The door closed softly behind her. She was smiling cheerily as she crossed the room and bent over Gypsy Nan.
The woman stretched out her hand.
"The White Moll!" she whispered. "He told the truth, that bull did—straight as they make 'em, and—"
"Don't try to talk," Rhoda Gray interrupted gently. "Wait until you are a little stronger."
"Stronger!" Gypsy Nan shook her head. "Don't try to kid me! I know. They told me. I'd have known it anyway. I'm going out."
Rhoda Gray found no answer for a moment. A great lump had risen in her throat. Neither would she have needed to be told; she, too, would have known it anyway—it was stamped in the gray pallor of the woman's face. She pressed Gypsy Nan's hand.

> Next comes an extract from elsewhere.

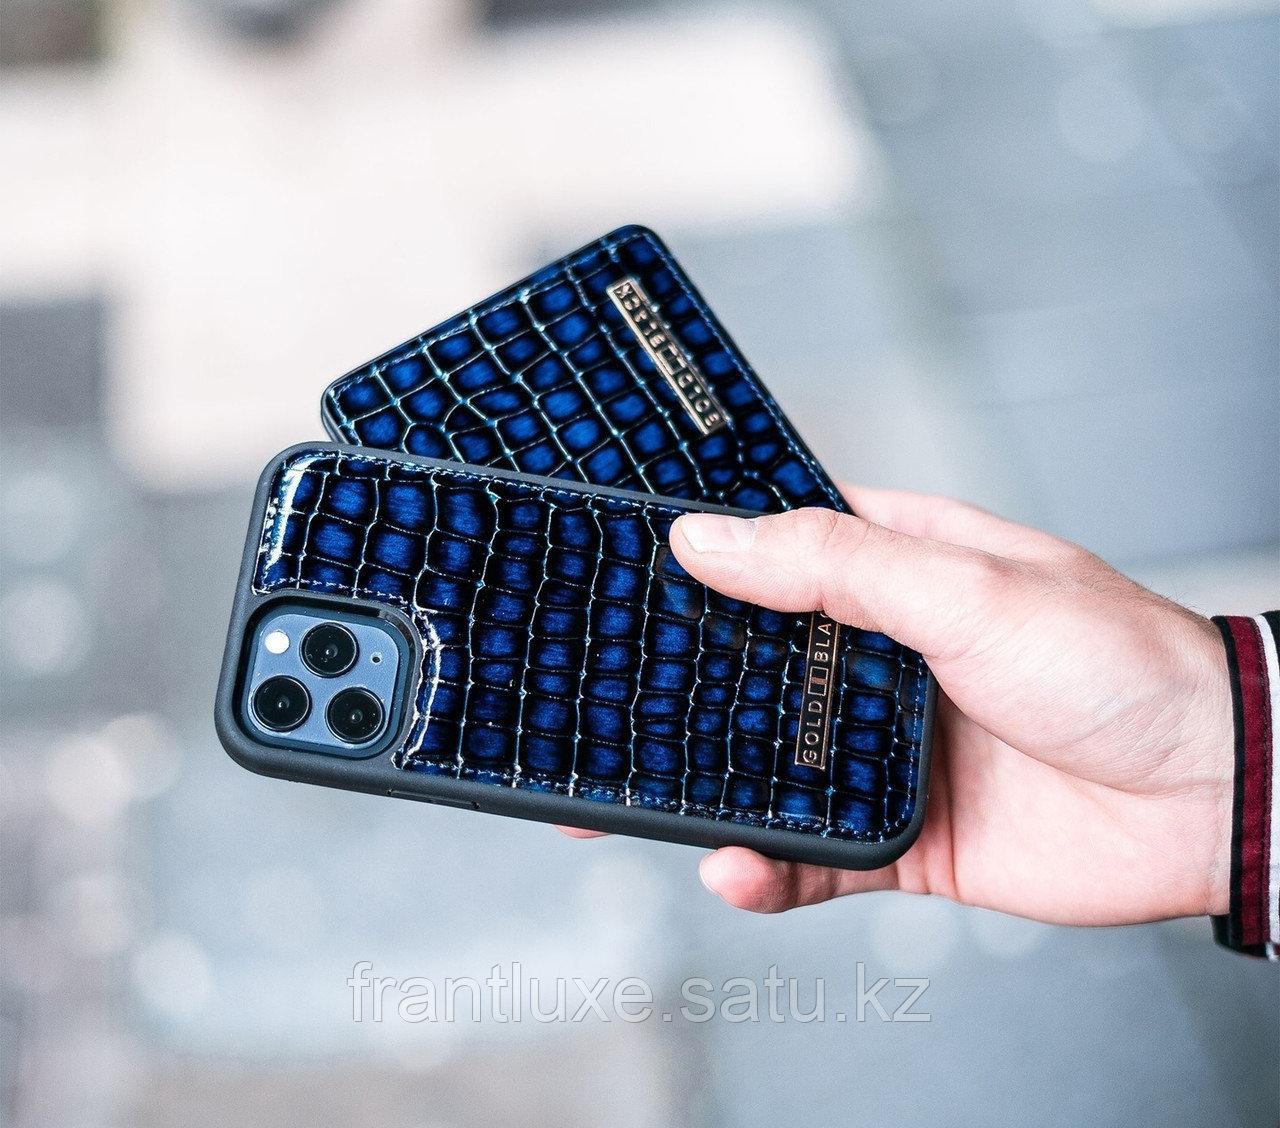 Чехол для телефона iPhone 11 Blue - фото 7

And then Gypsy Nan spoke again, a queer, yearning hesitancy in her voice:
"Do—do you believe in God?"
"Yes," said Rhoda Gray simply.
Gypsy Nan closed her eyes.
"Do—do you think there is a chance—even at the last—if—if, without throwing down one's pals, one tries to make good?"
"Yes," said Rhoda Gray again.
"Is the door closed?" Gypsy Nan attempted to raise herself on her elbow, as though to see for herself.
Rhoda Gray forced the other gently back upon the pillows.
"It is closed," she said. "You need not be afraid."
"What time is it?" demanded Gypsy Nan.
Rhoda Gray looked at her watch.
"Twenty-five minutes after twelve," she answered.
"There's time yet, then," whispered Gypsy Nan. "There's time yet." She lay silent for a moment, then her hand closed tightly around Rhoda Gray's. "Listen!" she said. "There's more about—about why I lived like that than I told you. And—and I can't tell you now—I can't go out like a yellow cur—I'm not going to snitch on anybody else just because I'm through myself. But—but there's something on to-night that I'd—I'd like to stop. Only the police, or anybody else, aren't to know anything about it, because then they'd nip my friends. See? But you can do it—easy. You can do it alone without anybody knowing. There's time yet. They weren't going to pull it until half past one—and there won't be any danger for you. All you've got to do is get the money before they do, and then see that it goes back where it belongs to-morrow. Will you? You don't want to see a crime committed to-night if—if you can stop it, do you?"
Rhoda Gray's face was grave. She hesitated for a moment.